Table 8 ANOVA result for surface roughness of Al6082 alloy.
| Source | DOF | Sum of square | Mean of square | F-Value | P-Value | %Contribution |
| Spindle speed | 2 | 5.9607 | 2.9803 | 3.13 | 0.242 | 60.20 |
| Feed rate | 2 | 0.6025 | 0.3012 | 0.32 | 0.760 | 6.08 |
| DOC | 2 | 1.4341 | 0.7170 | 0.75 | 0.570 | 14.48 |
| Error | 2 | 1.9031 | 0.9516 | - | - | 19.22 |
| Total | 8 | 9.9003 | - | - | - | - |
Figure 6 shows the variation of surface roughness corresponding to the input parameters, surface roughness is maximum at 710 rpm spindle speed and minimum at 250 rpm speed. Table 9 and Table 10 show the response table of the mean for radial vibration and surface roughness.

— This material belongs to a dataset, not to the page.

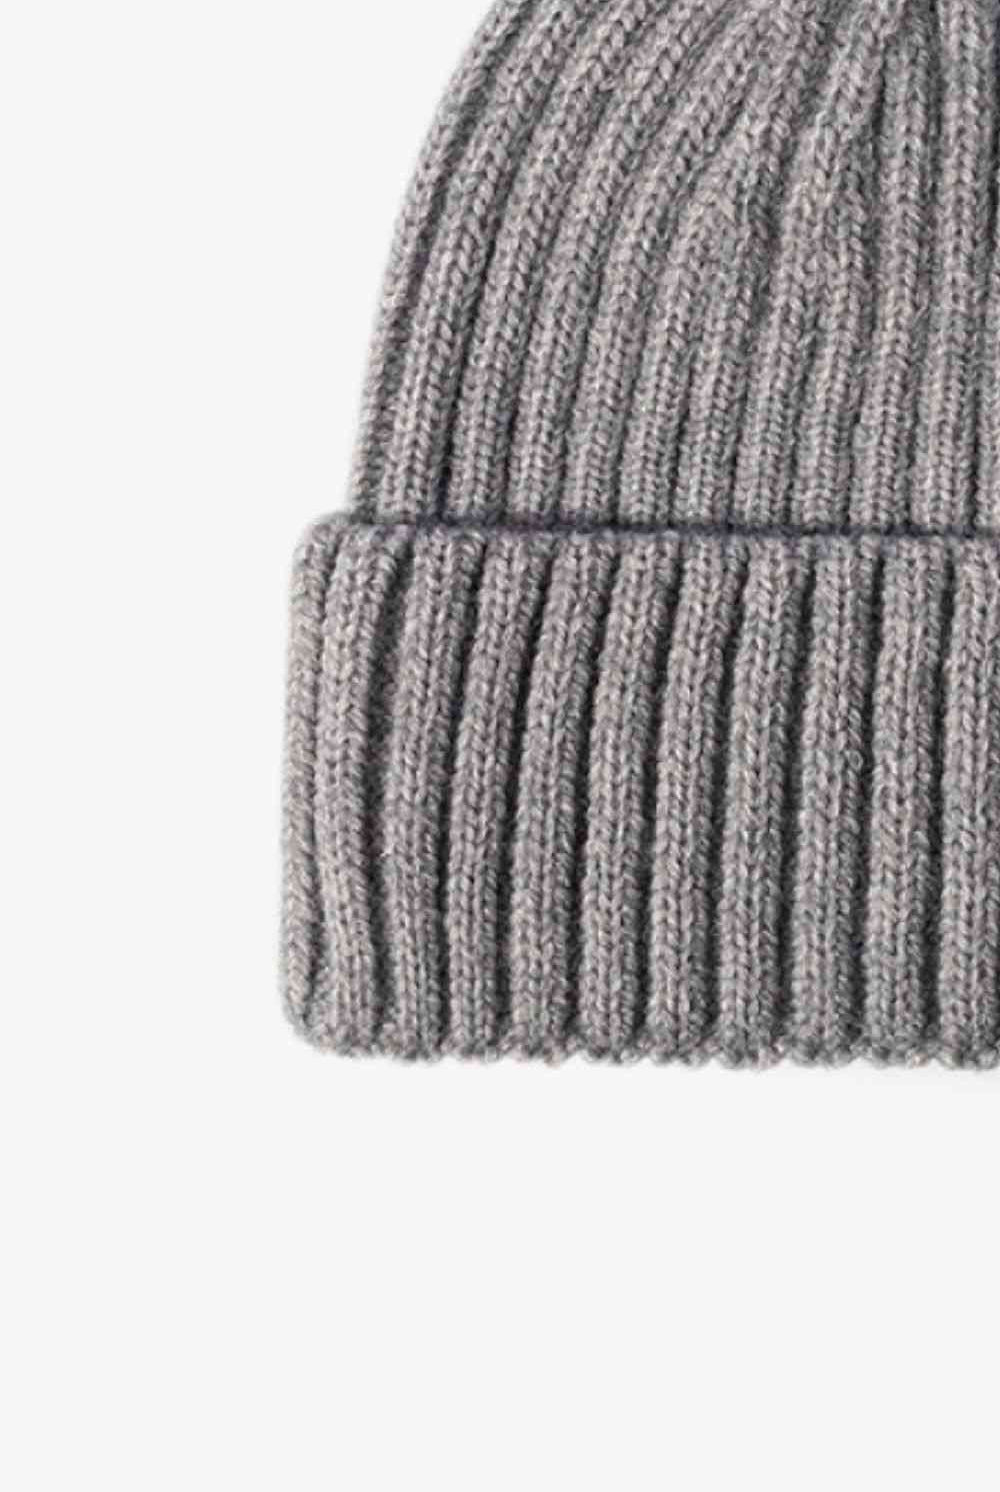 Dim Gray Rib-Knit Cuff Beanie Winter Accessories

Table 9 Response table for means of radial vibration.
| Level | Spindle speed(rpm) |
Feed rate (mm/min) |
Depth of cut (mm) |
| 1 | 0.03833 | 0.06133 | 0.05233 |
| 2 | 0.06200 | 0.05500 | 0.07300 |
| 3 | 0.08200 | 0.06600 | 0.05700 |
| Delta | 0.04367 | 0.01100 | 0.02067 |
| Rank | 1 | 3 | 2 |
Table 10 Response table for means of surface roughness.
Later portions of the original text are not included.